TradeArena v0.2 Benchmark Card

Execution realism and risk gates materially change autonomous financial-agent evaluation. This is a compact, citable result page for agent reliability and intent-to-execution audit, not a profitability claim or financial advice.

Execution mode: realistic-stress, not calibrated transaction-cost prediction. Default results use shared stress assumptions; calibrated claims require quote/order-book/fill provenance.

Result Provenance

Where this benchmark card comes from and how to reproduce it.

FieldValue
Software releasev0.2.0
Benchmark lineagev0.2 snapshot
Benchmark card source`docs/results/` tracked snapshots plus first-run outputs
Reproduction command`python -m pip install -e ".[dev]"`; `python scripts/run_showcase.py`; `python scripts/build_benchmark_page.py`
Datatracked synthetic / timestamp-masked / redacted artifacts under `docs/results/`
Live model callsnot required for first-run reproduction
Raw prompt/response cachesnot included
Intended useagent reliability and audit research, not trading advice

Claim Badges And Validation Status

Rows are evidence-ranked before they are ranked by performance.

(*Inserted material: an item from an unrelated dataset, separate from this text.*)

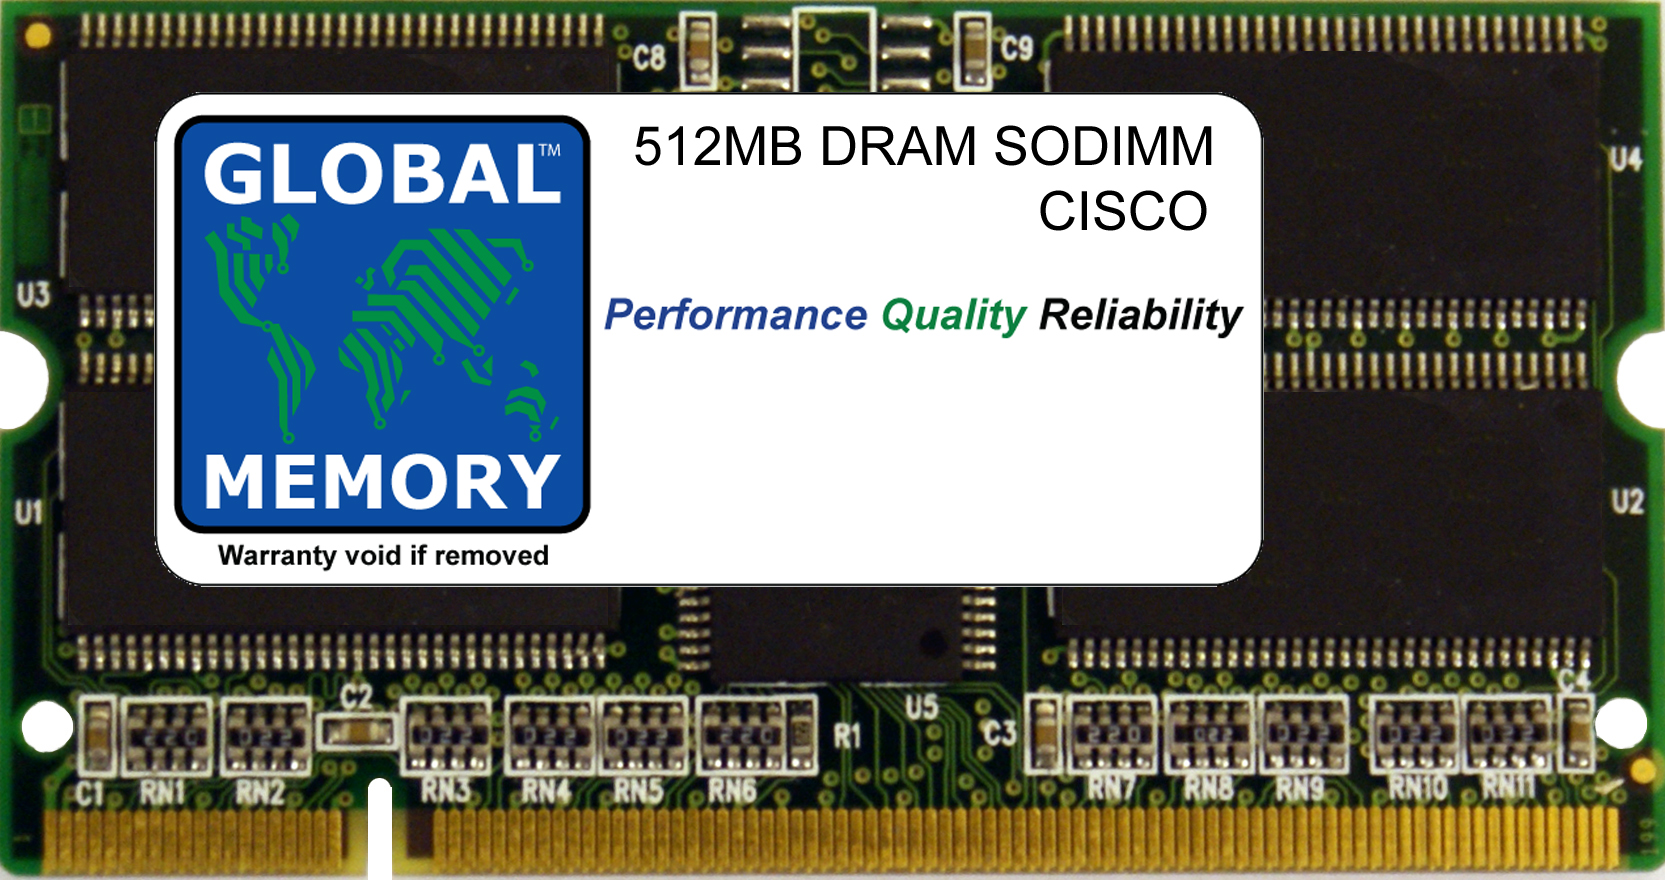 512MB DRAM SODIMM RAM FOR CISCO CATALYST 6500 SERIES SWITCHES & 7600 SERIES ROUTERS FlexWAN MODULE (MEM-CC-WAN-512M) - Click Image to Close

SurfaceBadge / statusEvidence boundary
Execution mode`stress-only` by defaultDefault rows are stress-simulator evidence, not calibrated transaction-cost prediction.
Calibration evidence`quote-calibrated` sample rowsFixture and public Binance samples show calibration plumbing; broader venue claims need external reports.
Provider rows`cached-provider` / `redacted-prompt`Useful reliability probes; not enough for strong model-skill claims without independent repetition.
Baselines`deterministic-baseline`Classical baselines are main anchors, not appendix rows.
Reproduction`fresh-environment` CI passingCI installs `tradearena-benchmark==0.2.0`, generates artifacts, hashes a run, and replays a step.
External validationopen: macOS, Ubuntu, Colab/Binder, baseline, calibration, claim reviewIndependent reports are requested in issues #43, #44, #45, #46, #47, and #48.

What Is Measured

The v0.2 card emphasizes audit and execution dimensions, not only return.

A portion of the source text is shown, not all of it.